Maria è una degli affittuari di un gruppo di quattro palazzine in una bella zona di Roma. La proprietà, la Unicredit, poco più di un anno fa manda a tutti un avviso: si vende. Ergo, o comprate a prezzi esagerati (una media di 490 mila euro ad appartemento) o andate via. Ovviamente delle 67 famiglie, solo 25 hanno potuto comprare e alcune di queste sono già in difficoltà con il mutuo (40 anni a 2.300 euro al mese). Hanno ingaggiato una lotta senza risparmiarsi niente, facendo picchetti, occupando una sede della Gabetti (la società che si occupa delle vendite). Niente. La proprietà dopo uno spiraglio iniziale ha chiuso la porta. O si fa come dicono loro o Maria, Franco, Marisa ecc... devono trovarsi un'altra casa. Punto e basta. Non è servito l'intervento della Regione, con l'assessore Astorre, né quello dell'ex delegato alla Casa del Comune Galloro. Niente.

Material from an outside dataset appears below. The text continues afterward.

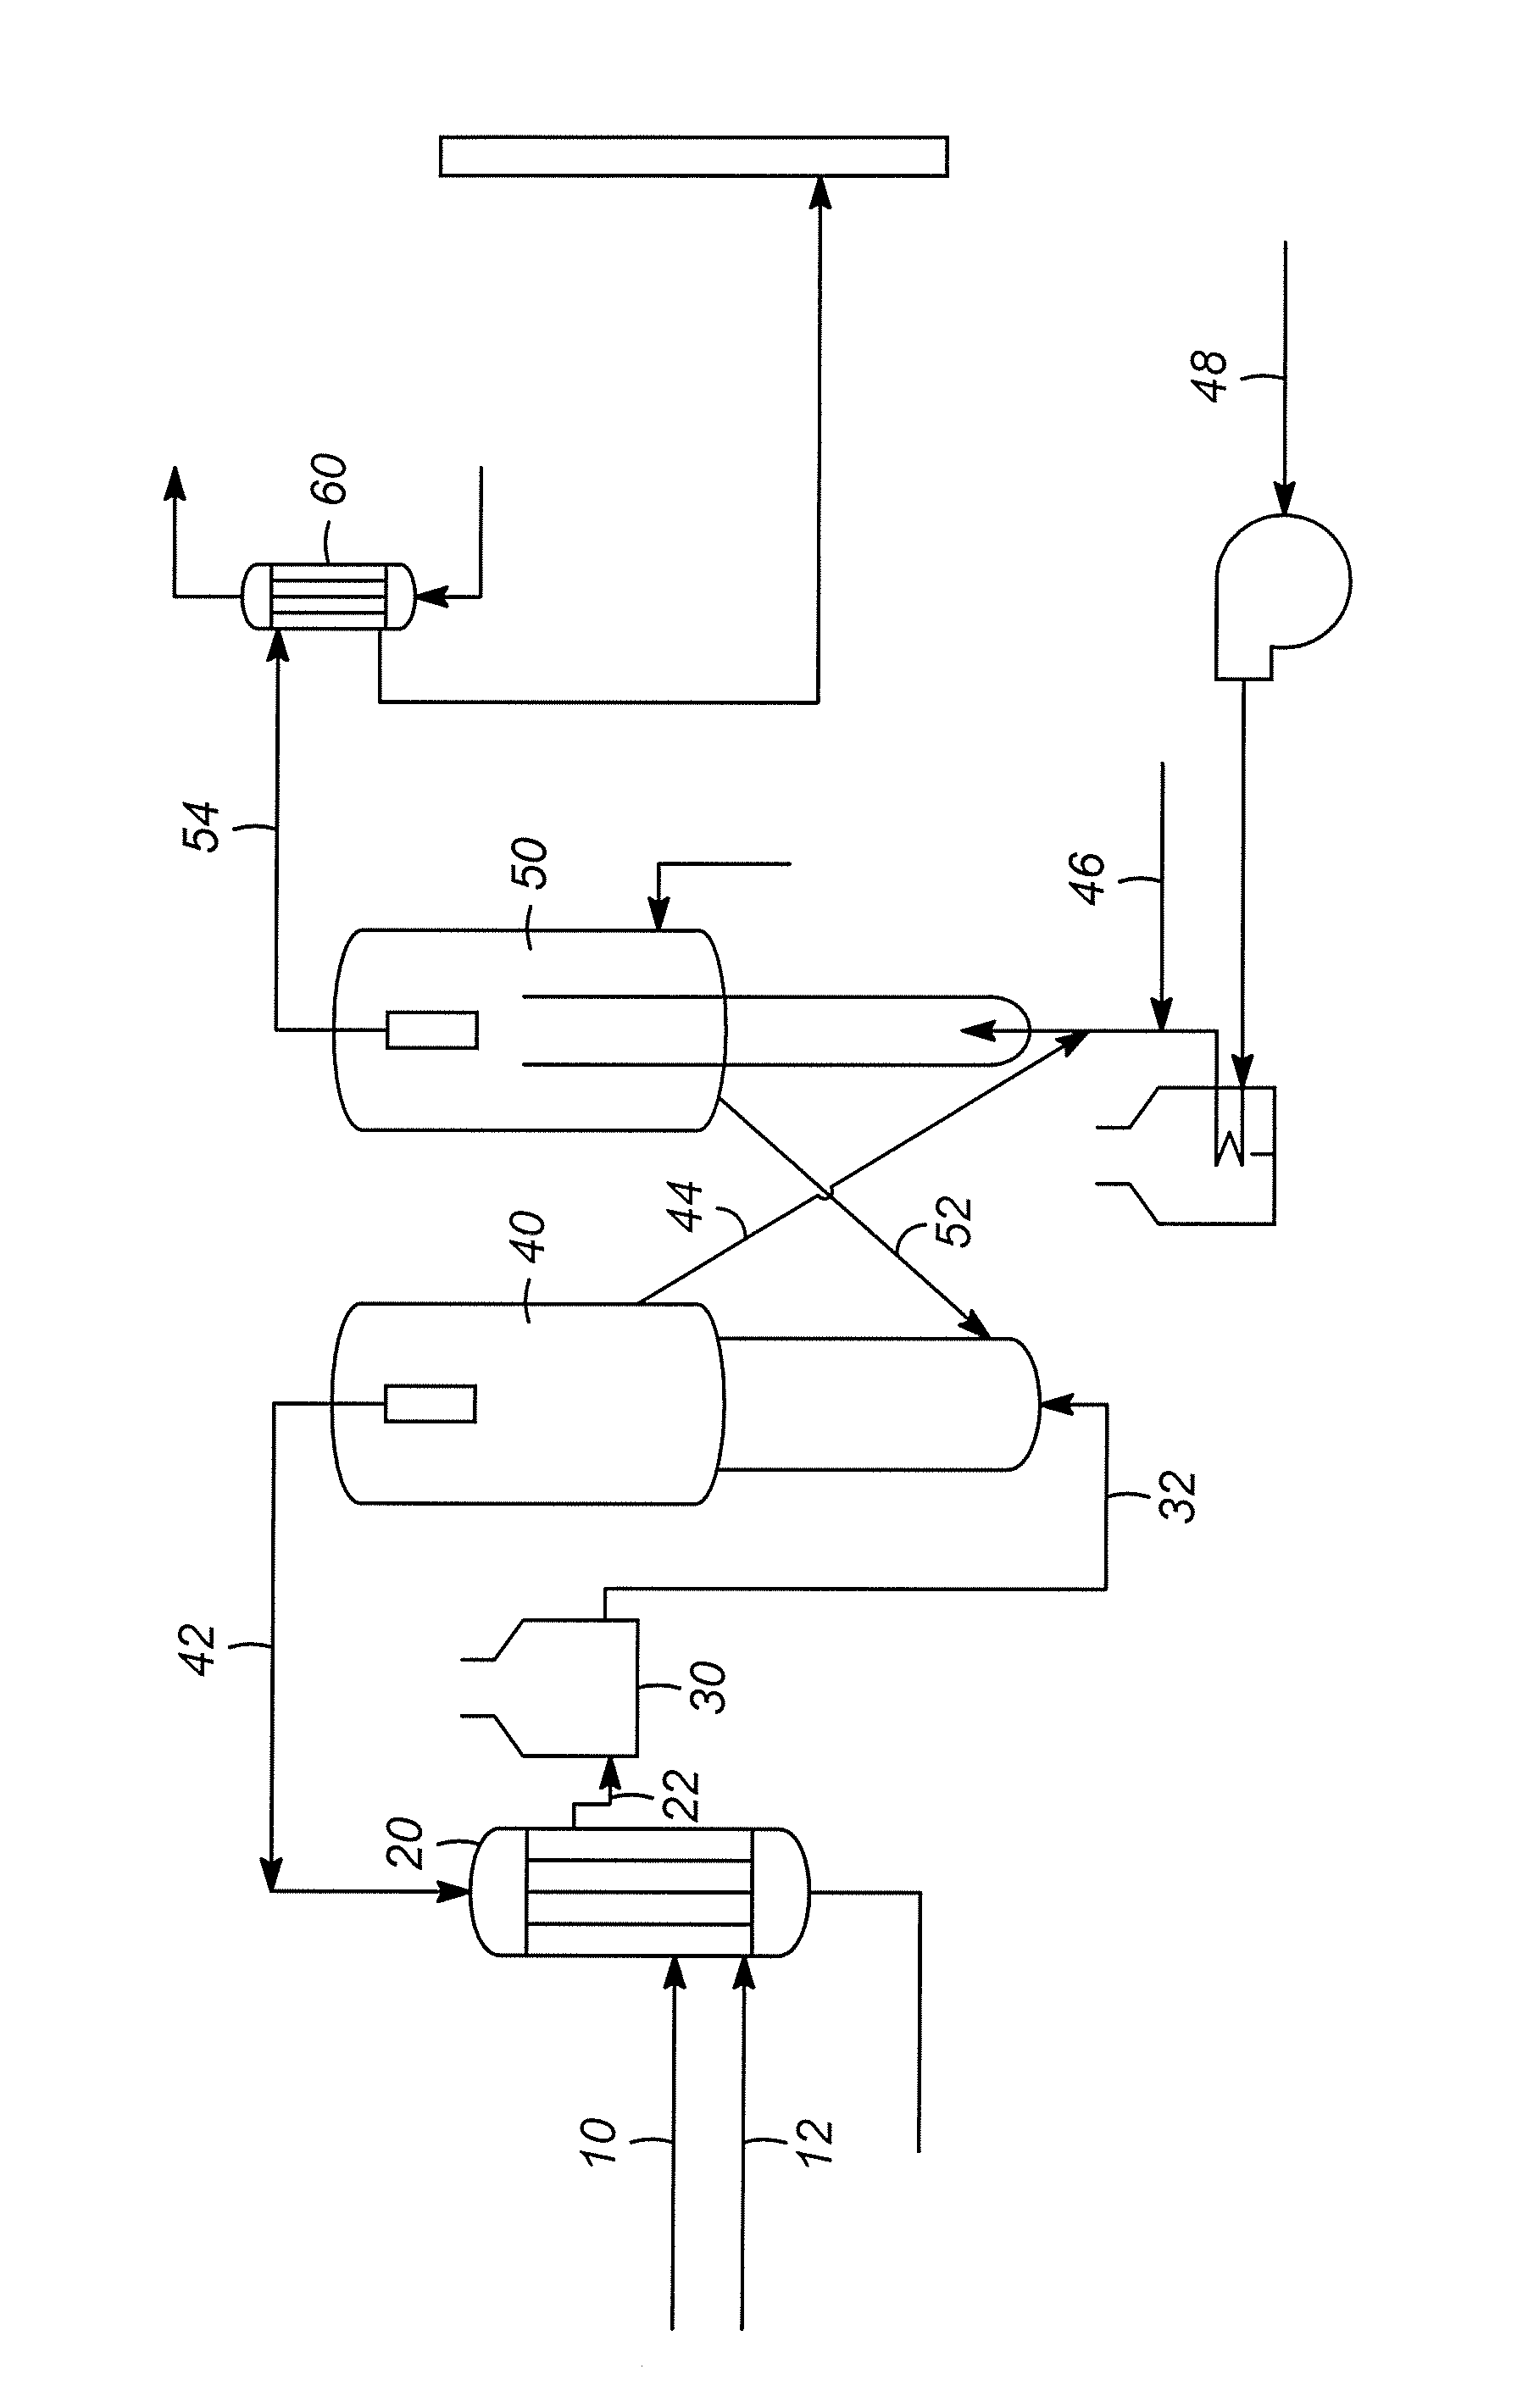 Reactor Flowscheme for Dehydrogenation of Propane to Propylene

Ecco la vergogna di Roma. Trentamila famiglie in graduatoria per una casa popolare, 120mila appartamenti sfitti e prezzi alle stelle: una casa con due camere alla Bufalotta (alla BU-FA-LOT-TA) costa oltre 380mila euro. Senza autobus, né scuole né farmacie.

La cosa gravissima è che la crisi sta inghiottendo anche il ceto medio: insegnanti, ex professionisti in pensione, dipendenti pubblici e no, commercianti. La nuova povertà sono loro.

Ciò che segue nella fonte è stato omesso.